Use the appropriate key or value converter (input data format) for your data as follows:

  • JSON (org.apache.kafka.connect.json.JsonConverter) when your messages are JSON-encoded. Select Message JSON contains schema, with the schema and payload fields. If your messages do not contain schema, manually create tables in BigQuery.

  • AVRO (io.confluent.connect.avro.AvroConverter) when your messages contain AVRO-encoded messages, with schema stored in the Schema Registry.

Topic name to table name mapping

By default, the table name is the name of the topic.

Use the Topic to table map (topic2TableMap) configuration property to remap topic names. For example, topic1:table1,topic2:table2.

Test the connection

After the connector is created, go to your BigQuery worksheets and query your table:

SELECT * FROM `project.dataset.table`

It may take a couple of minutes for the records to be visible in BigQuery.


Google credentials are checked for validity during connector creation, upon clicking Finish. In cases where there are invalid credentials, the connector is not created.

Other issues are reported using a failed task error message.
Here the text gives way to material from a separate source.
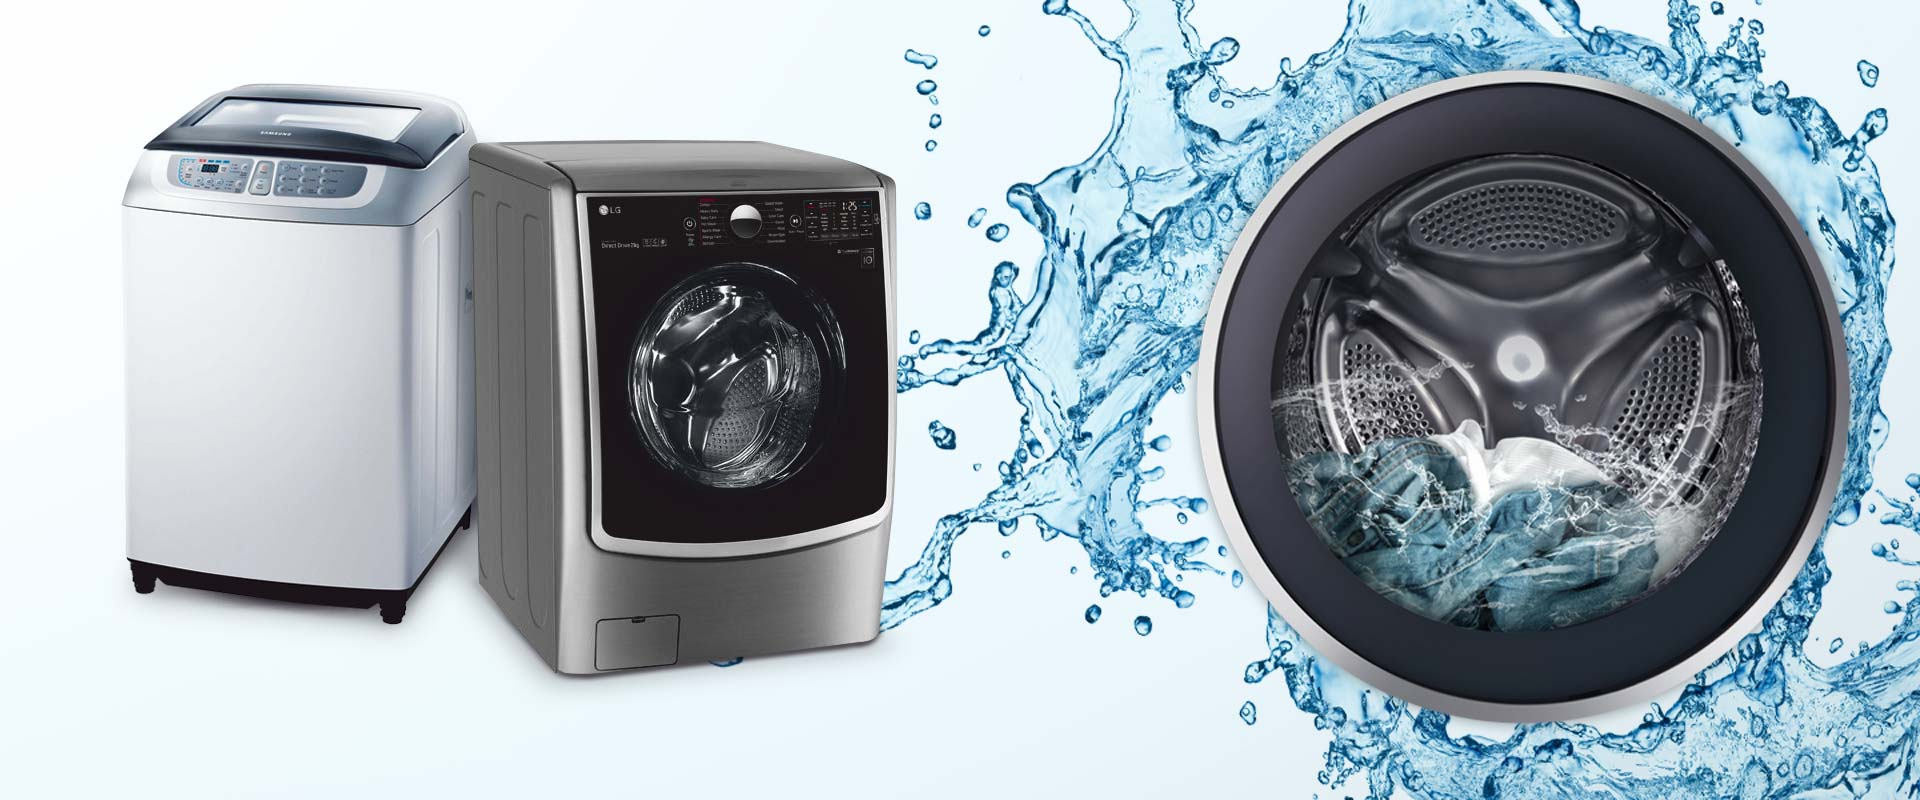 گرم نبودن آب در ماشین لباسشویی

Select Show Logs to view error details.

Message Action

Not found: Project invalid-project-name

Check to make sure Project contains a valid BigQuery project.

Not found: Dataset project:invalid-dataset

Check to make sure Default dataset contains a valid BigQuery dataset.

An unexpected error occurred while validating credentials for BigQuery: Failed to create credentials from input stream

The credentials given as a JSON file in the Credentials JSON property are incorrect. Copy a valid key from the Google Cloud service account.

JsonConverter with schemas.enable requires "schema" and "payload" fields

The connector encountered an incorrect message format when reading from a topic.

JsonParseException: Unrecognized token 'test': was expecting JSON

During reading from a topic the connector encountered a message that is invalid JSON.

Streaming to metadata partition of column-based partitioning table {table_name} is disallowed.

Check to confirm that the bigQueryPartitionDecorator property is set to false. You can check the property in the connector configuration JSON view.

Caused by: table: GenericData{classInfo=…​ insertion failed for the following rows:…​ no such field:

The Redpanda message contains a property that does not exist in a BigQuery table schema.

BigQueryConnectException …​ insertion failed for the following rows: …​ [row index 0] (location fieldname[0], reason: invalid): This field: fieldname is not a record.

The Redpanda message contains an array of records, but the BigQuery table expects an array of strings.

BigQueryConnectException: Failed to unionize schemas of records for the table…​ Could not convert to BigQuery schema with a batch of tombstone records.

The Redpanda message does not contain a schema, so the connector cannot create a BigQuery table. Create the BigQuery table manually.